***** Listed records *****
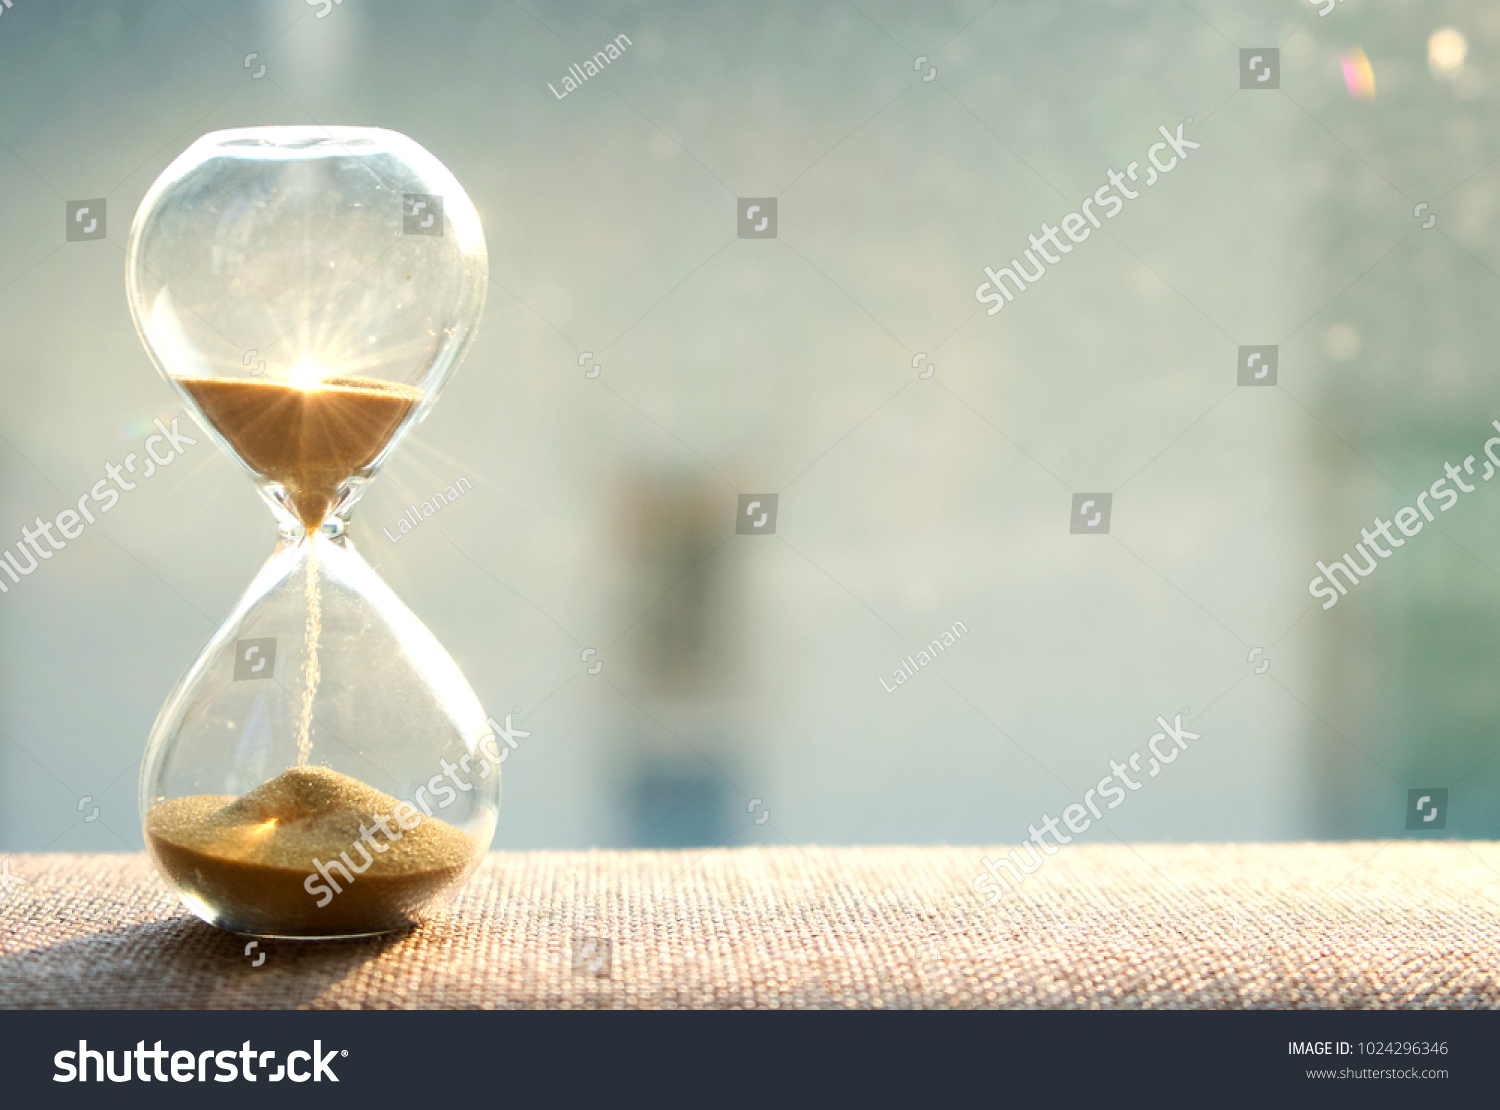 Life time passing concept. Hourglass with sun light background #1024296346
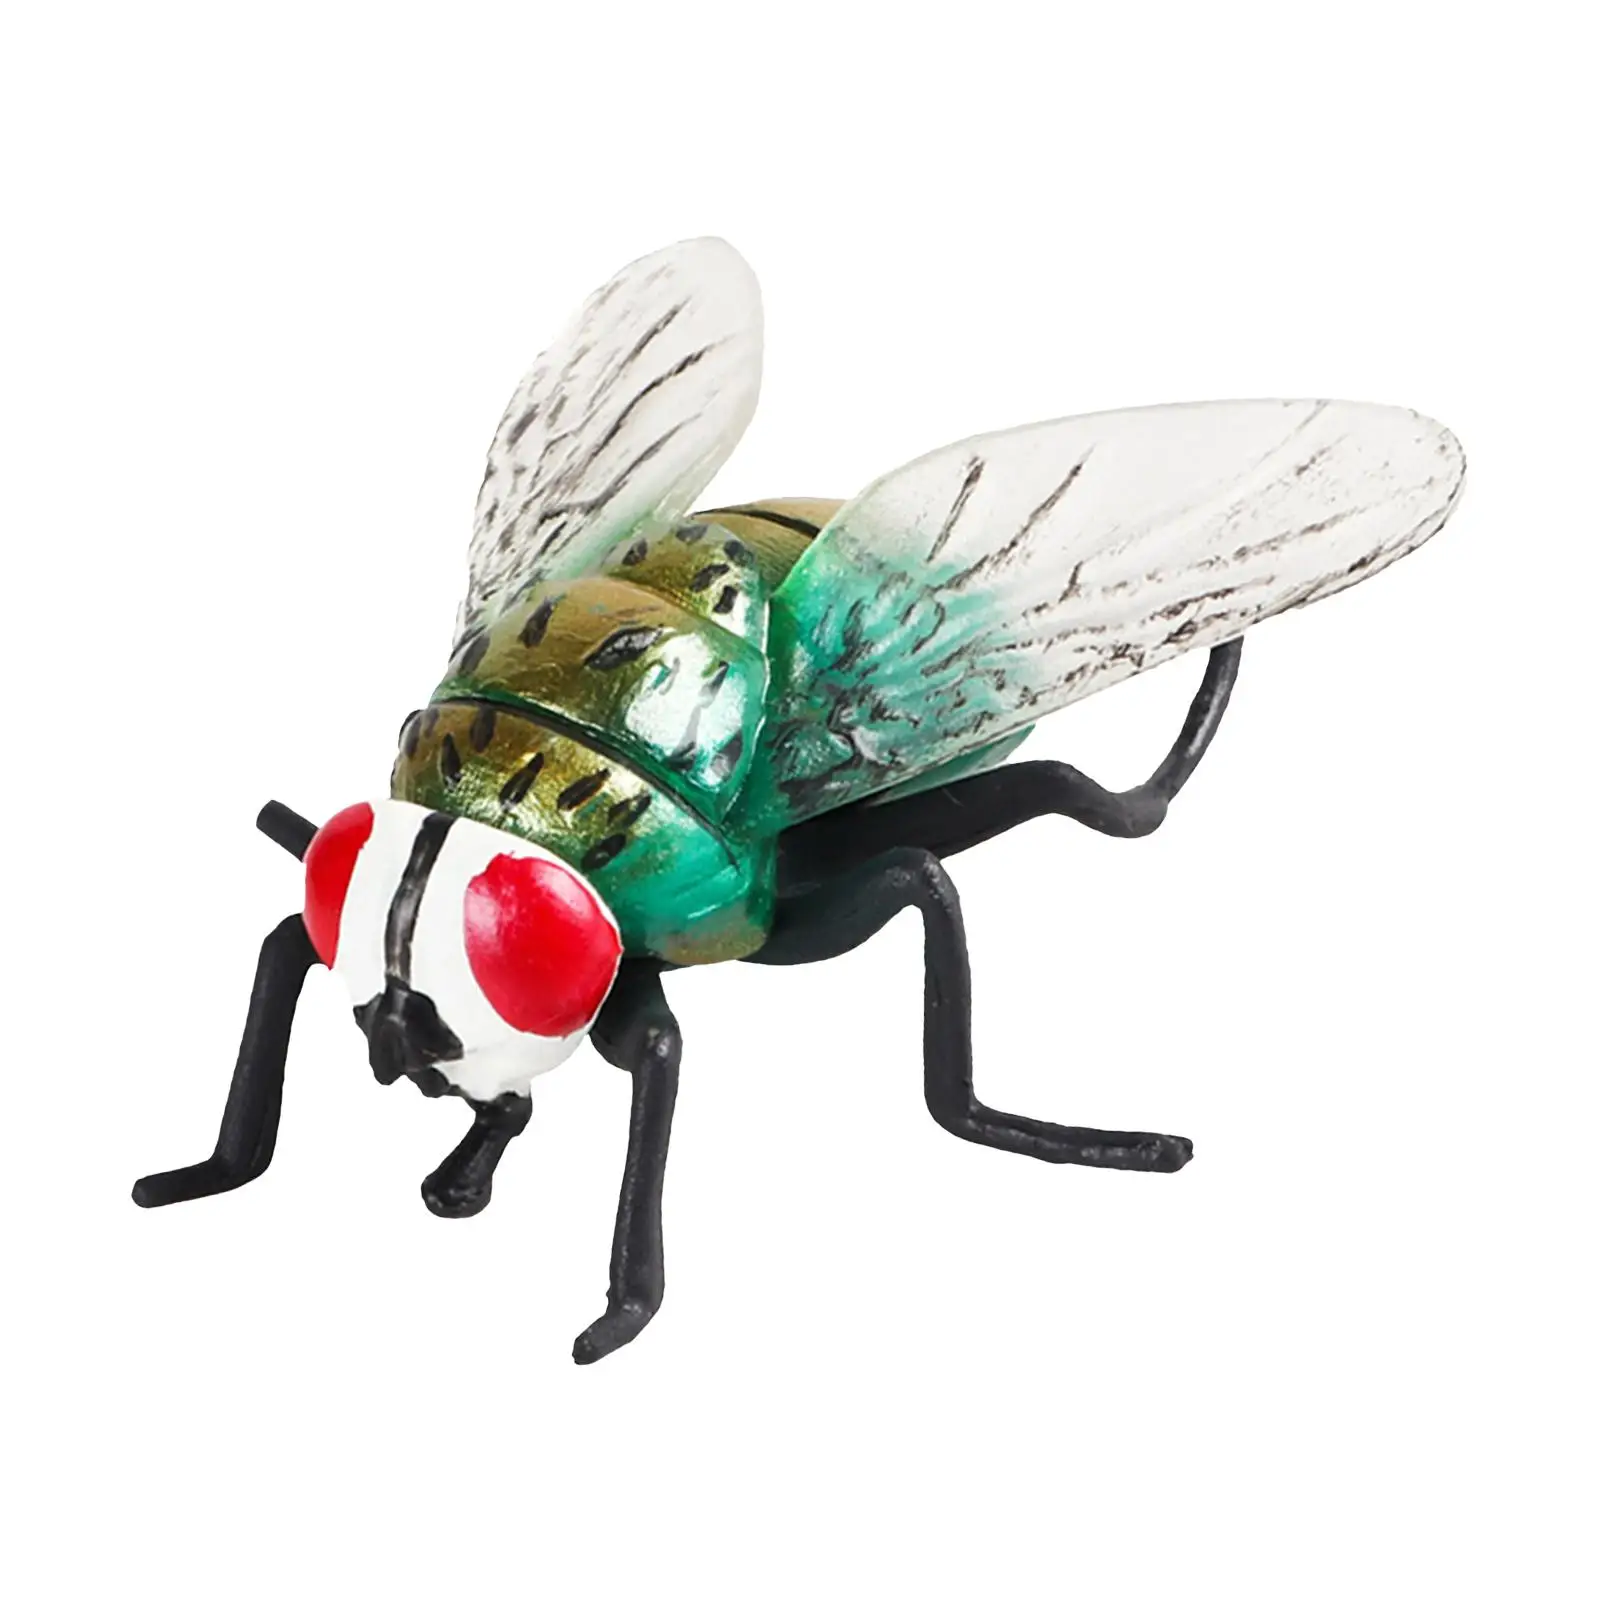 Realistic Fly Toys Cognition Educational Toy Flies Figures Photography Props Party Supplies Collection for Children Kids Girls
*****
***** Listed records *****
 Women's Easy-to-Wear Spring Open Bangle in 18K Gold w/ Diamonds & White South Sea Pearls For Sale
*****
> _Your assignment_
Only the lines above from the one with "Life time passing" to the one with "Realistic Fly Toys" should be printed, both included and exactly as written; no picture belongs in the copy.

> _Solution below_
 Life time passing concept. Hourglass with sun light background #1024296346
 Realistic Fly Toys Cognition Educational Toy Flies Figures Photography Props Party Supplies Collection for Children Kids Girls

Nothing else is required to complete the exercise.